| INPUT MATERIAL |
▼▼▼

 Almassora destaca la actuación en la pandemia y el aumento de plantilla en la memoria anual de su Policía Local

▲▲▲
▼▼▼

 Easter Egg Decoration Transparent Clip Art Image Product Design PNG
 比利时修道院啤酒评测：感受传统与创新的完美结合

▲▲▲
▼▼▼

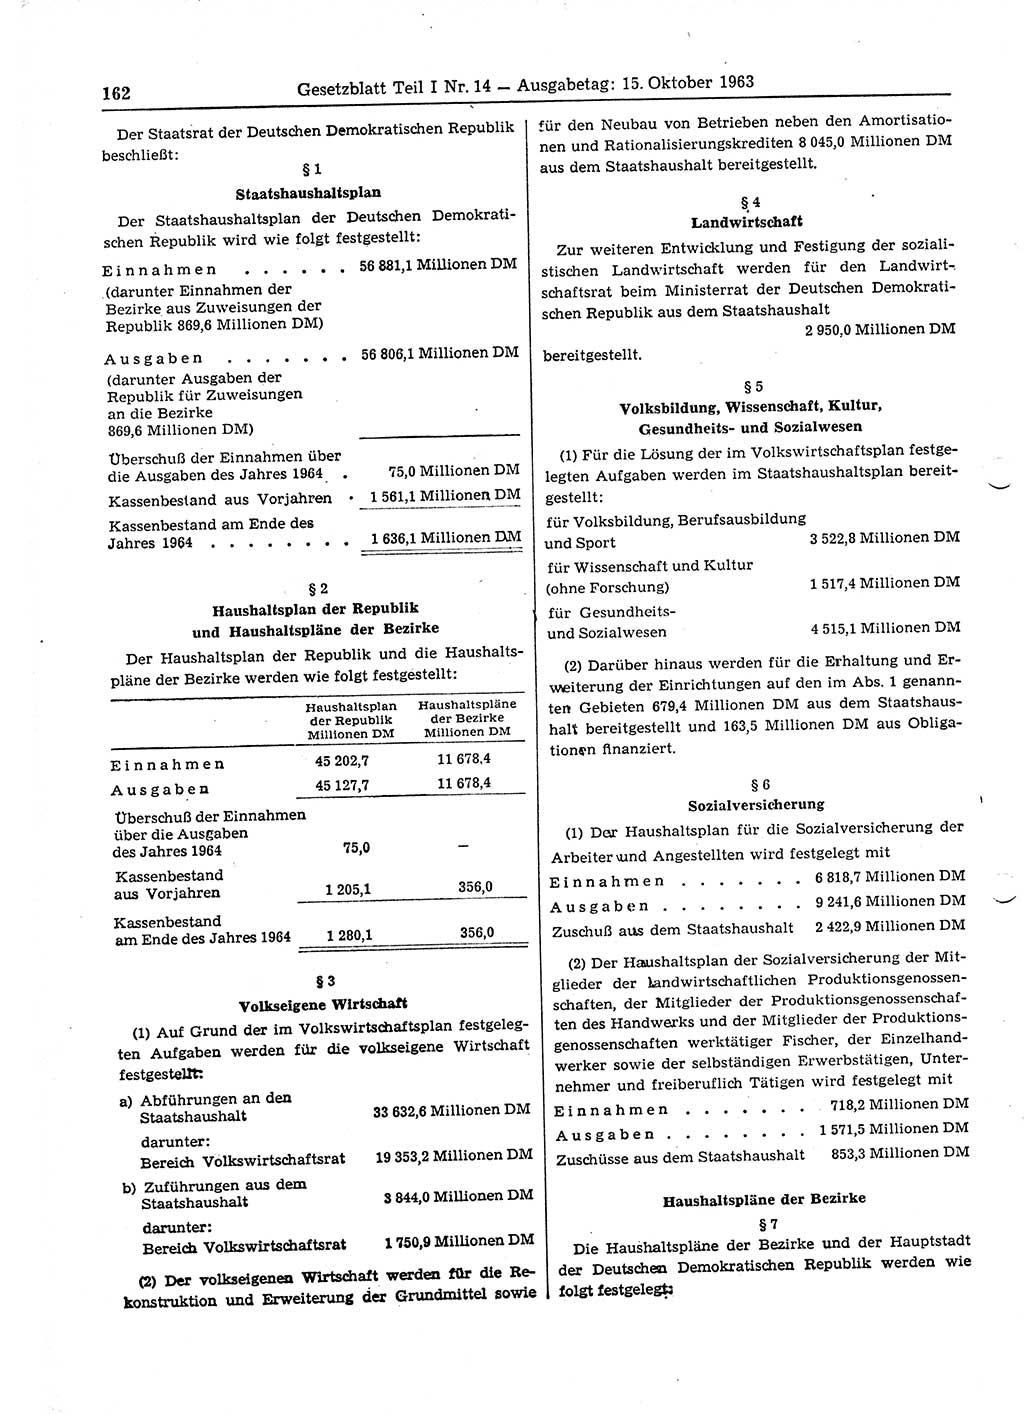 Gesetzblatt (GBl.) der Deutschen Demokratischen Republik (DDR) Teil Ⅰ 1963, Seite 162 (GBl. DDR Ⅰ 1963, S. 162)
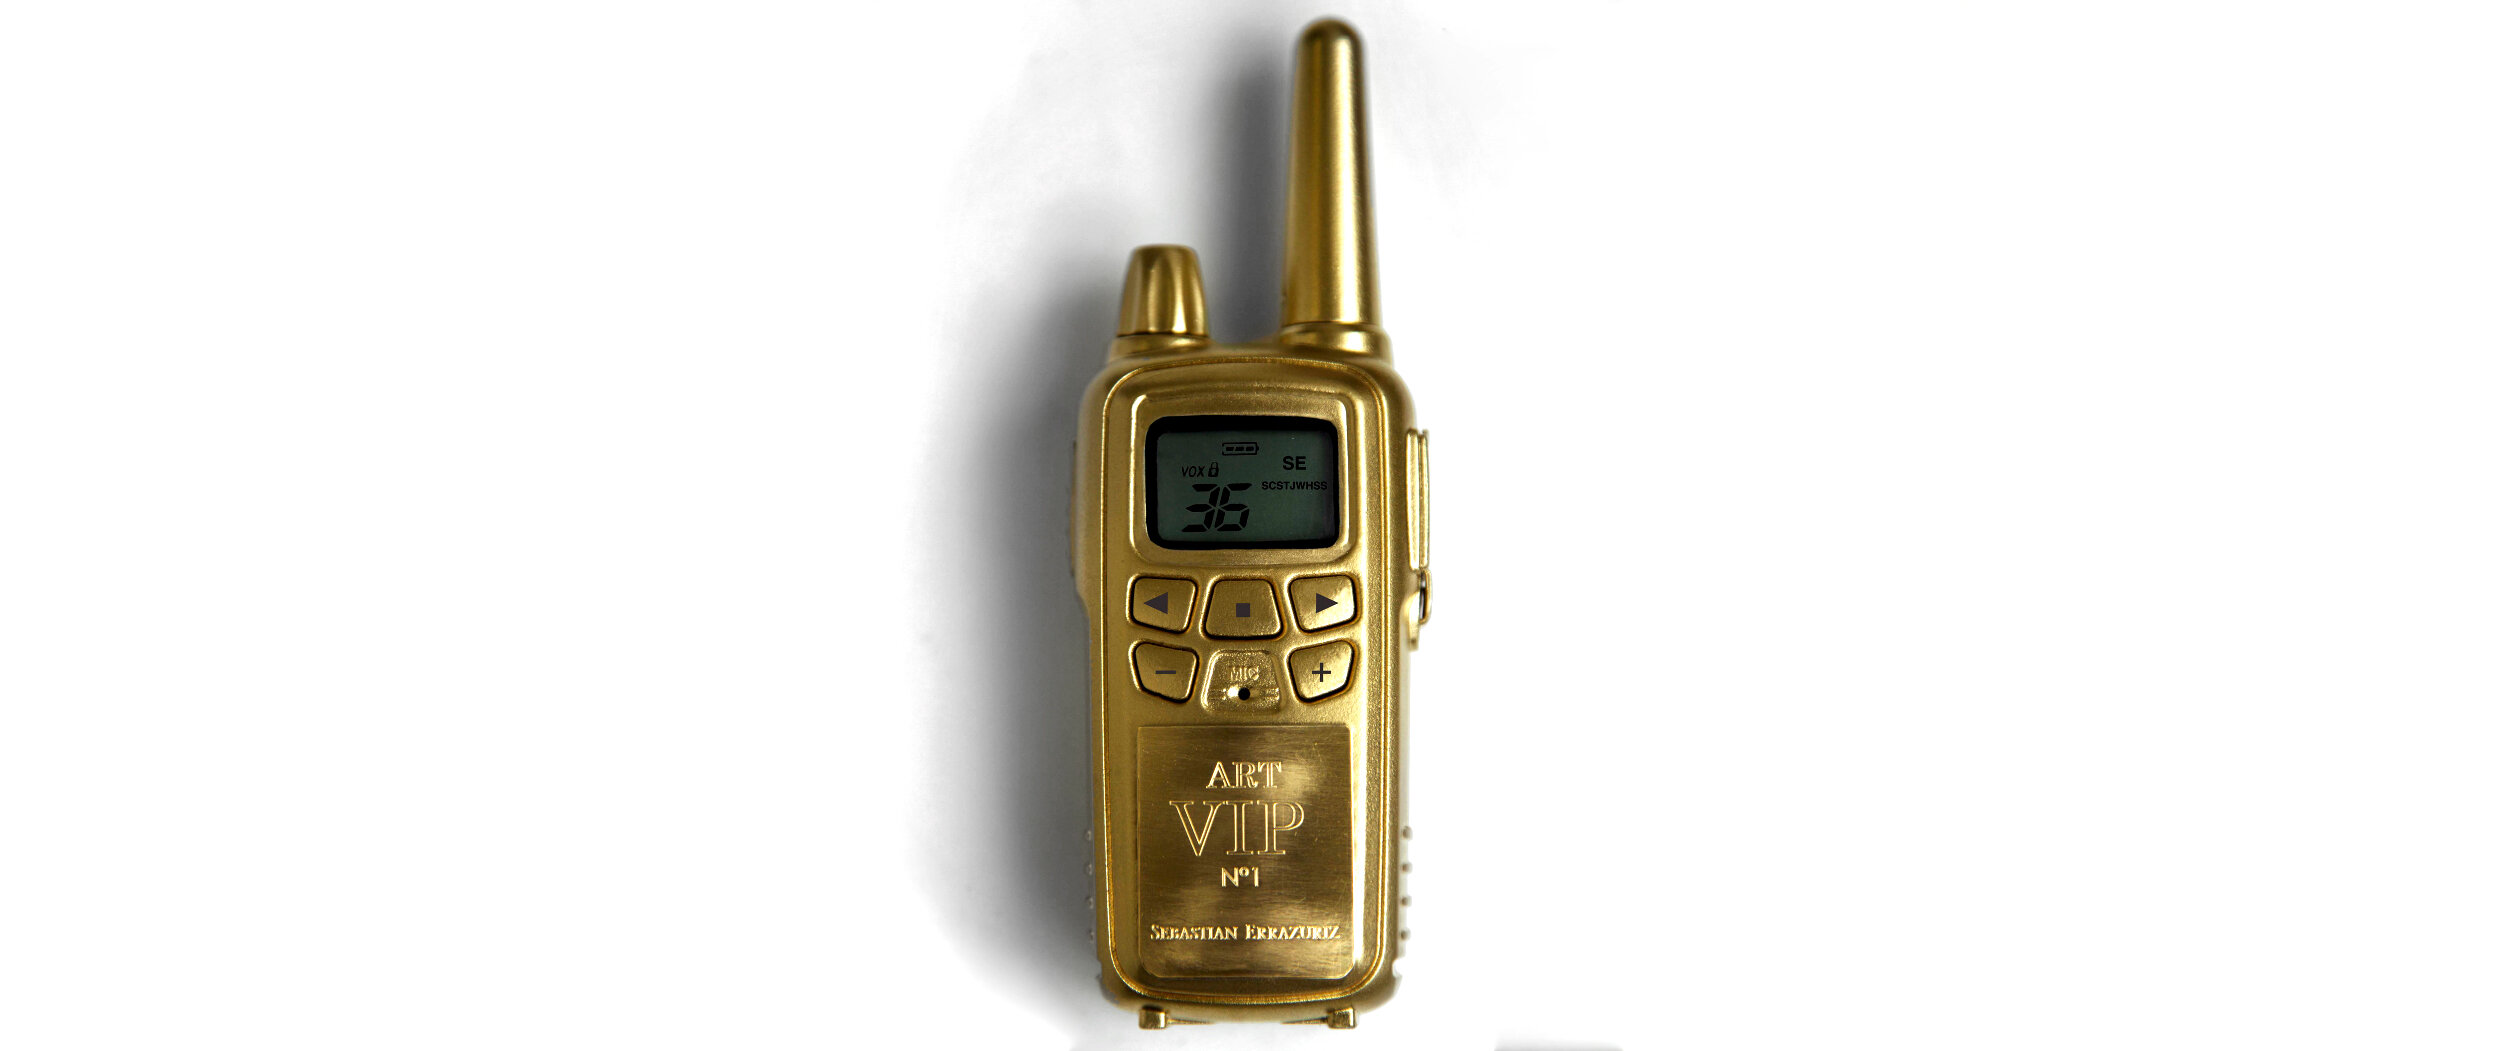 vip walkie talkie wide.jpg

▲▲▲

| WHAT THE TASK ASKS |
In the listing above, find the line with "Easter Egg Decoration" and the line with "比利时修道院啤酒评测：感受传统与创新的完美结合", then reproduce both and every line between them exactly.

| SOLVED PROBLEM |
 Easter Egg Decoration Transparent Clip Art Image Product Design PNG
 比利时修道院啤酒评测：感受传统与创新的完美结合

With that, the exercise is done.